# Mercier Kilo TT Pro



## sokudo (Dec 22, 2007)

BD run out of almost all sizes on that model. 
A question for Mike: When does the next shipment arrive and it will be in stock again?

And a suggestion. Can you do Kilo TT with Sugino Messenger cranks and Niobium 30 rims?


----------



## 20sMotoSpirit (May 27, 2007)

sokudo said:


> BD run out of almost all sizes on that model.
> A question for Mike: When does the next shipment arrive and it will be in stock again?
> 
> And a suggestion. Can you do Kilo TT with Sugino Messenger cranks and Niobium 30 rims?



Im sure that they could mass produce a bike like that, but its not gonna be $350


----------



## sokudo (Dec 22, 2007)

20sMotoSpirit said:


> Im sure that they could mass produce a bike like that, but its not gonna be $350


Neither is Kilto TT Pro (it is 480). They should be able to fit the bike I described within $500. The only question is logistics.


----------



## Alx (Mar 22, 2007)

there's better alternatives that would make a stronger wheel than niobium 30s specially for a fixed gear bike.


----------



## sokudo (Dec 22, 2007)

Alx said:


> there's better alternatives that would make a stronger wheel than niobium 30s specially for a fixed gear bike.


IRO is using Kinlin rim for a year or two. Not sure whether XL-240 uses Niobium alloy, perhaps not.
Anyway, what are those alternatives that are not boat anchors?


----------



## Alx (Mar 22, 2007)

my point is if you're worried about weight you're not gonna buy the Kilo in the first place. Sure it can be run on a velodrome but if you're truly seriously looking to save weight and run lightweight wheels then you're not shopping for a $200 frame. Hell the wheels will cost more than the entire bike!


----------



## wilsontennis (Feb 16, 2009)

To the point earlier about Bikes Direct running out of sizes. 

I've looked into it and think they offer the best value for $700 as the ceiling. So, I'm ready to pull the trigger and neither frame I'm looking for is available in my size(56cm). Here's my beef: I'm buying a bike. I e mail BD and ask when the two specific bikes will be available again. Three days later I'm told to "join the newsletter" because I will be notified "when bikes become available." 
Wow! Wonderful customer service. Here's a thought - answer questions. Don't give advice. $700 is burning a hole in my pocket and I am instructed to sign up for a newsletter? Nope....

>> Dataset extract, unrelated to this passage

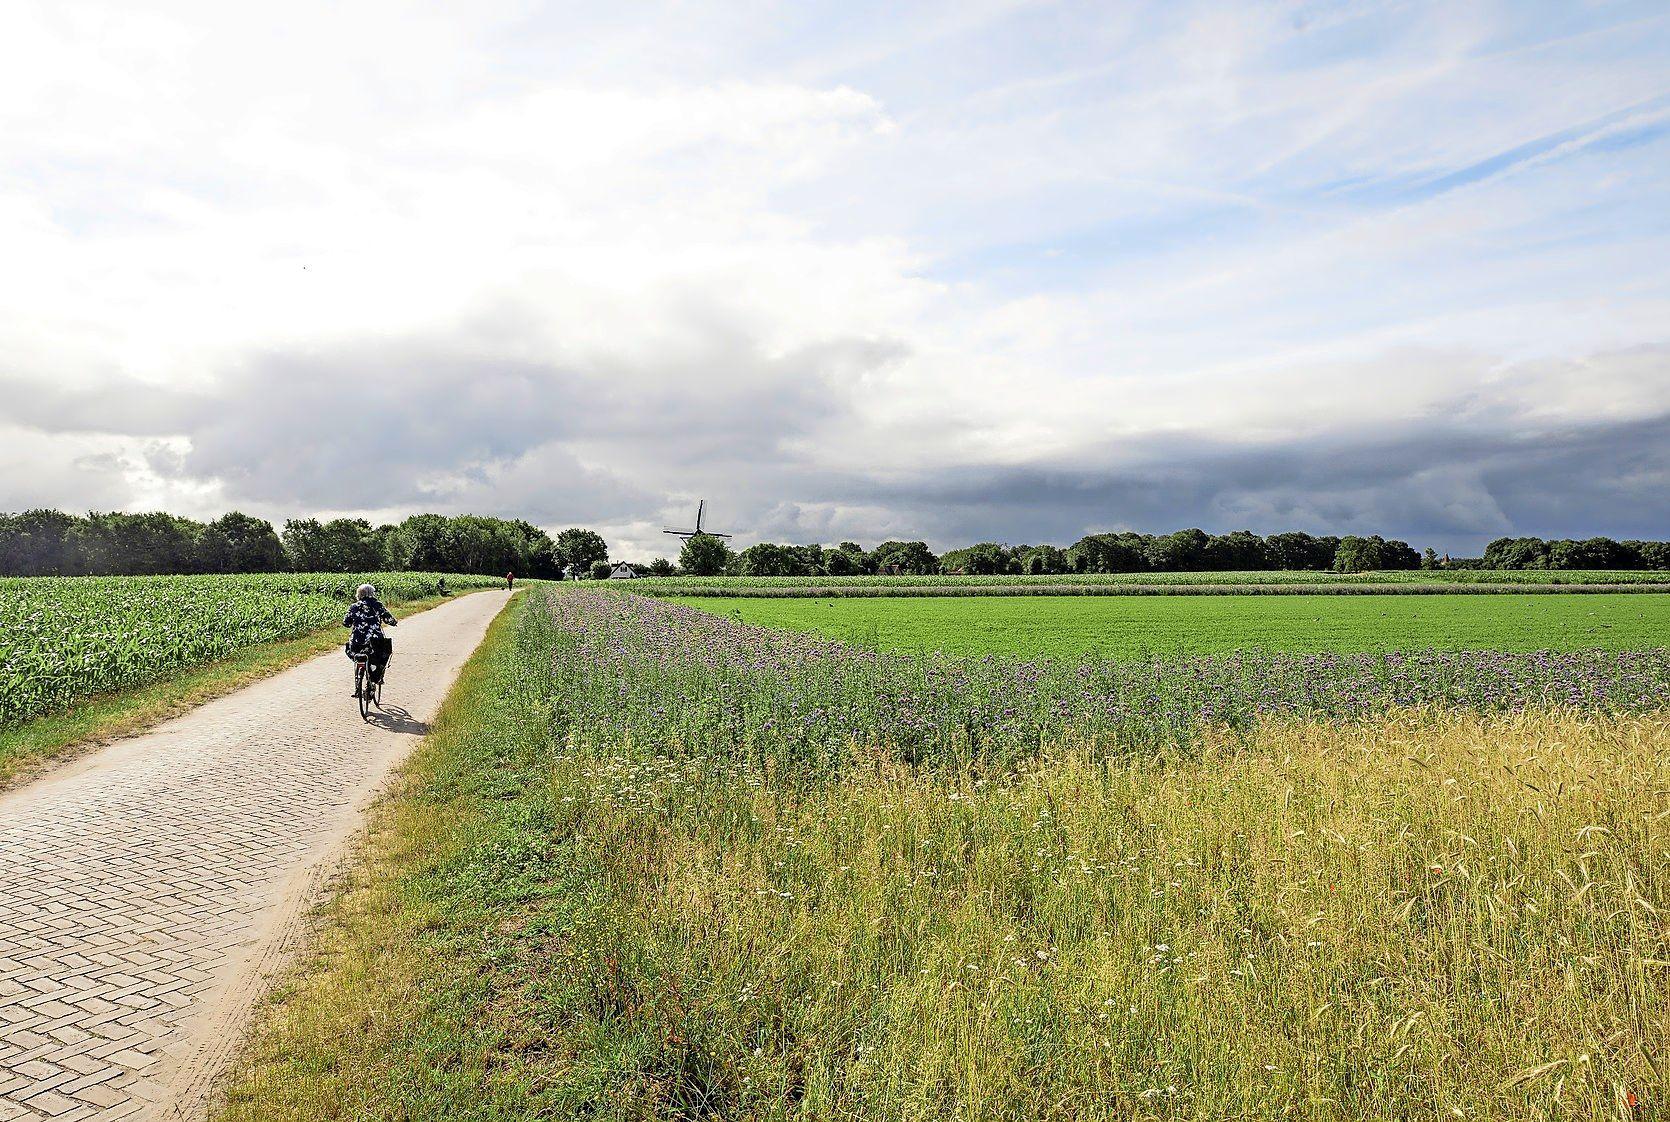 'Iedereen wil bouwen, maar als je vraagt waar dan heeft niemand een antwoord', zegt wethouder Aukje Treep. Soest gaat dapper door richting onvermijdelijk dilemma: Groen? Of woningen?

I'm new to cycling(endurance and strength for tennis) - put 130 miles a week on a 15 year old hybrid(originally bought for leisure). I've out geared it and want a road bike. My normal ride is 24miles and I'm doing it in 90 minutes(traffic lights) at a upper 90 cadence. 

More informed opinions are welcomed and appreciated.


----------



## Alx (Mar 22, 2007)

The people answering emails for BD aren't the brightest at answering questions to start off so I'm surprised they even answered. Those same people have no clue when the boat carrying new bikes is going to arrive so join the newsletter or PM mike on this forum for a more direct answer.


----------



## 20sMotoSpirit (May 27, 2007)

wilsontennis said:


> To the point earlier about Bikes Direct running out of sizes.
> 
> I've looked into it and think they offer the best value for $700 as the ceiling. So, I'm ready to pull the trigger and neither frame I'm looking for is available in my size(56cm). Here's my beef: I'm buying a bike. I e mail BD and ask when the two specific bikes will be available again. Three days later I'm told to "join the newsletter" because I will be notified "when bikes become available."
> Wow! Wonderful customer service. Here's a thought - answer questions. Don't give advice. $700 is burning a hole in my pocket and I am instructed to sign up for a newsletter? Nope....
> ...



What bike were you considering?

Start a new thread others may have some other opinions.

My $0.02,

$700 is a good amount for a bike.. but its not gonna buy you something that is going last. I would spend the extra cash... get a 850-900 dollar bike. Like the Falkirk. Great set of parts and a great deal.

The Ultegra SL is fantastic... plus the parts are a great way to build up a bike. if the Le Champion SL didnt have Ritchey WCS wheels.. I would have gotten the Falkirk.

if you want to ask about parts or spec comparison, I have three bikes with these guys and I love them.


----------